And no, it’s not backed up, because i seem to put backing up my shit in the same category as taking pills and calling people back and it just doesn’t happen, but sometimes when i’m trying to remember a poem i can google it and find something i blogged 10 years ago, and sometimes socks do show up in a box full of lids so i guess it’s worth trying.

the blue mountains march out of the sea

“On foot everything stays connected, for while walking one occupies the spaces between…interiors in the same way one occupies those interiors. One lives in the whole world…
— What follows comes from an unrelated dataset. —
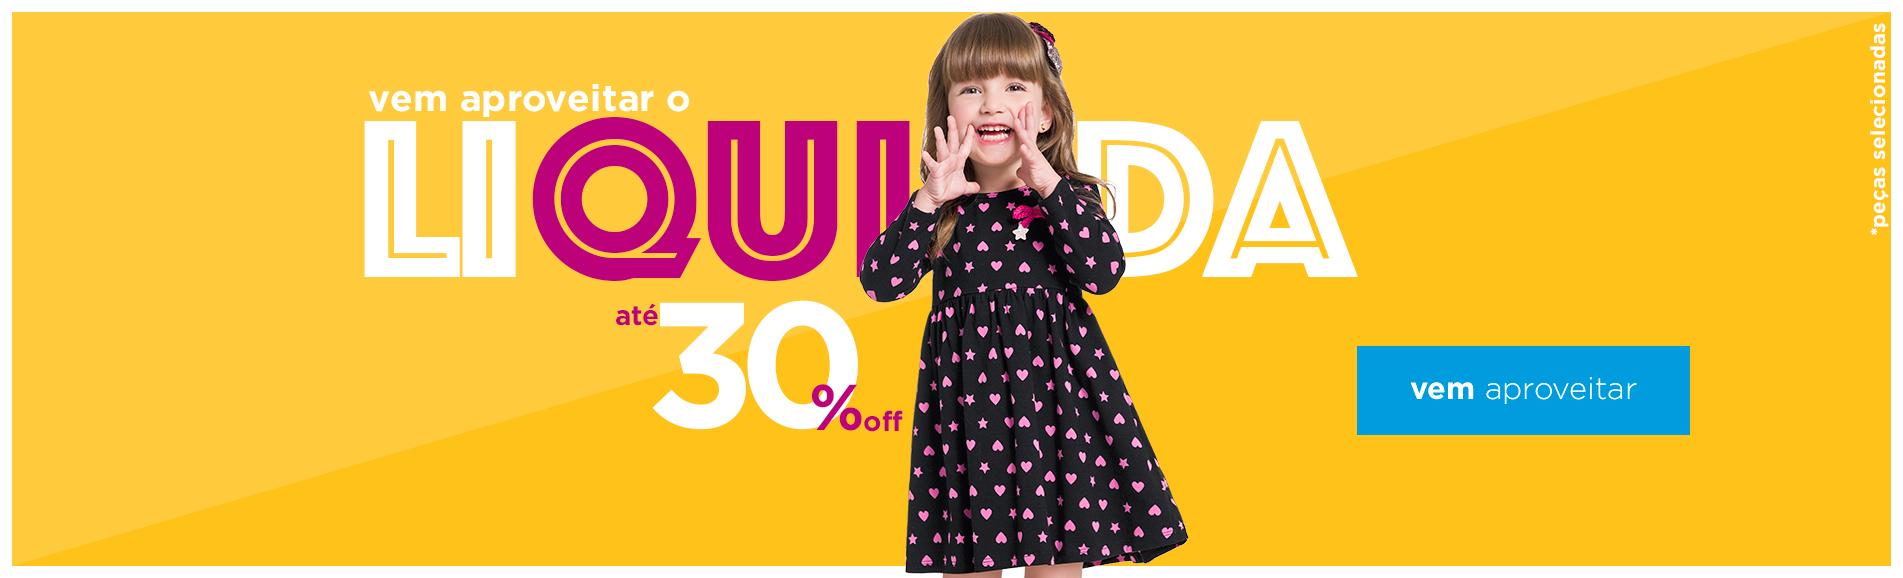 Banner Liquida 01

“…In the country one’s solitude is geographical–one is altogether outside society, so solitude has a sensible geographical explanation, and there is a kind of communion with the nonhuman. In the city, one is alone because the world is made up of strangers…”

(Rebecca Solnit)

We had a long layover in Seattle coming home from Ohio via Oregon, and took the train downtown from the airport for Indian food and some aimless wandering, which i’m finding less enjoyable as i get older and perhaps only partly because whenever i’m wandering in cities i end up buying books, which i then have to carry around for the remainder of the wandering. I bought a book of Anna Akhmatova’s poetry and Leslie Marmon Silko’s memoir, and we had an overpriced ginger beer just outside Pike St. Market, because it was something concrete and identifiable that i remembered from February in the rows of things to eat and buy. c bought socks at one of the gear stores that isn’t REI because he hadn’t done laundry and airport security lines were getting embarrassing, and i remembered when i was 20 and a guy conned me into something weird that i never understood by telling me some story about his wife having a baby and him losing his wallet and all he needed was for me to buy him socks at the Seattle REI and he was gonna do something to repay me, which never happened, of course, but somehow it put me into a good mood to walk into REI with this (to everyone else) clearly crazy man and buy him socks, getting weird looks from the beautiful Seattle REI people. So that made it worth it, even if, somehow, i lost 40 bucks in that deal.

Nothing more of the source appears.